In this section, we present the details on an algorithm for achieving S1 and S2 of optimal solutions described in Section 4.

## 6.1 The algorithm

The algorithm has the following characteristics: 1) it finds a solution directly based on the values of the distance $\text{\hspace{0.17em}}{d}_{2}$ $\left({d}_{\infty }\right)$ between the controlled selection problem $A$ and each individual array ${B}_{k}$ in $\mathfrak{B}$ ; 2) it is computer-intensive, but easily implemented by LP; 3) it is applicable to any type of controlled selection problem with two-way stratification.

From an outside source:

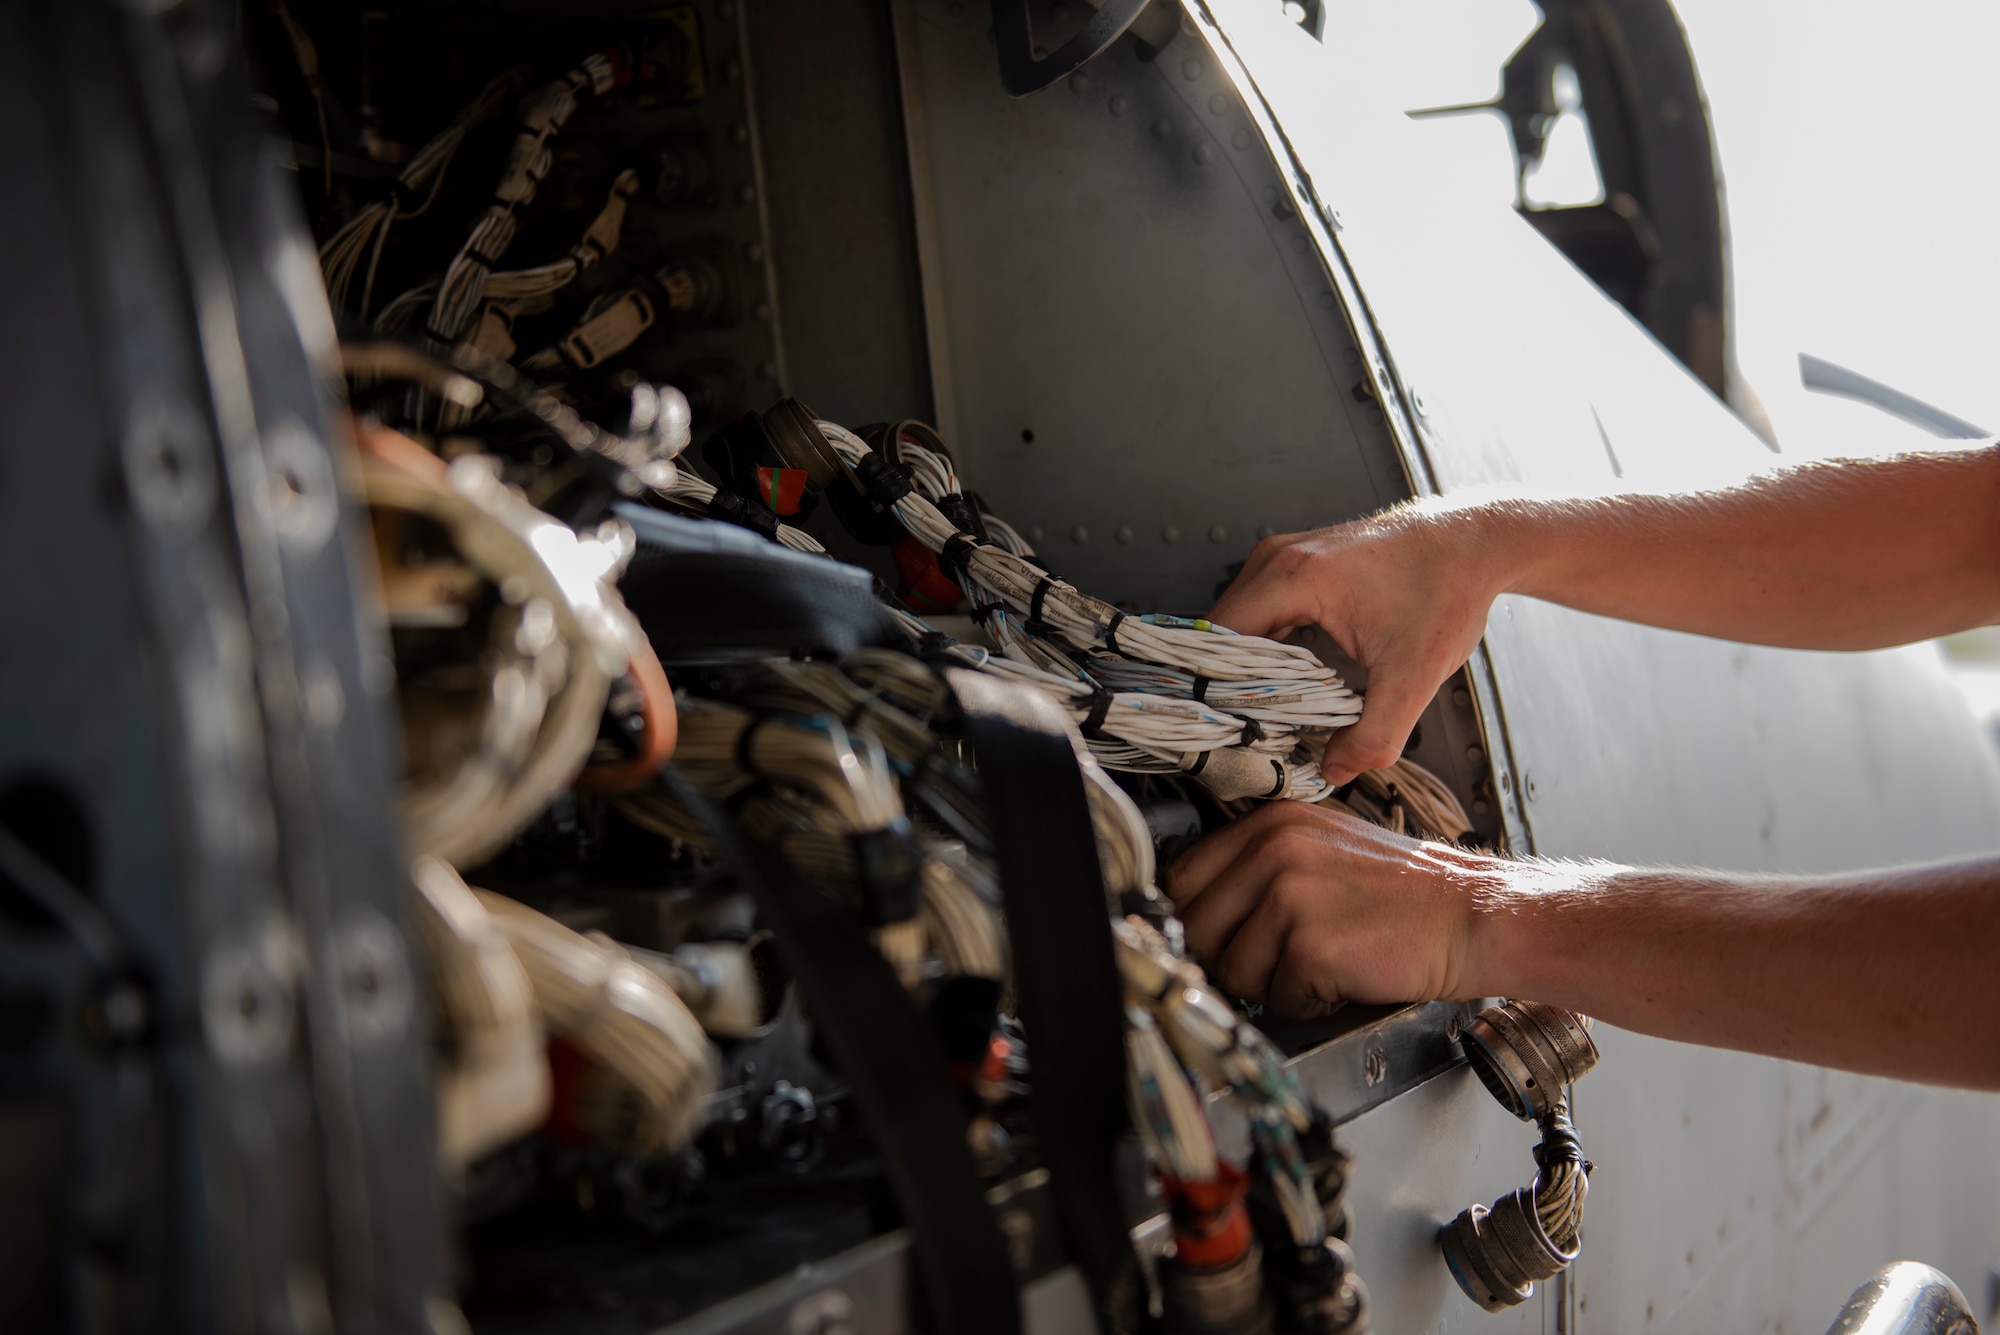 Airman 1st Class Tanner Giroux, 75th Aircraft Maintenance Unit (AMU) avionics technician, works on the wiring of an A-10C Thunderbolt II, Aug. 8, 2019, at Moody Air Force Base, Ga. The 75th AMU is responsible for the upkeep and maintenance of the Air Force’s largest operational A-10C Thunderbolt II fighter group. (U.S.  Air Force photo by 2nd Lt. Kaylin P. Hankerson)

The algorithm has five steps. They are as follows:

Step 1. Find the set of all possible arrays, $\mathfrak{B}$ , satisfying (3.1) - (3.4) for a given controlled selection problem $A$ . Specifically, if there are any noninteger marginal expectations in $A$ , find all possible roundings of these marginal expectations by adjacent integers, which satisfy (3.3) and (3.4). Those rounded marginal integers will be $\left[{a}_{i.}\right]$ or $\left[{a}_{i.}\right]+1$ $\left(\left[{a}_{.j}\right]$ or $\left[{a}_{.j}\right]+1\right)$, while the integer marginal expectations will remain, since $\left[{a}_{i.}\right]={a}_{i.}$ ( $\left[{a}_{.j}\right]={a}_{.j}$ ). Next, find all possible arrays satisfying (3.1) and (3.2) under the rounded marginal integers and the other marginal integers.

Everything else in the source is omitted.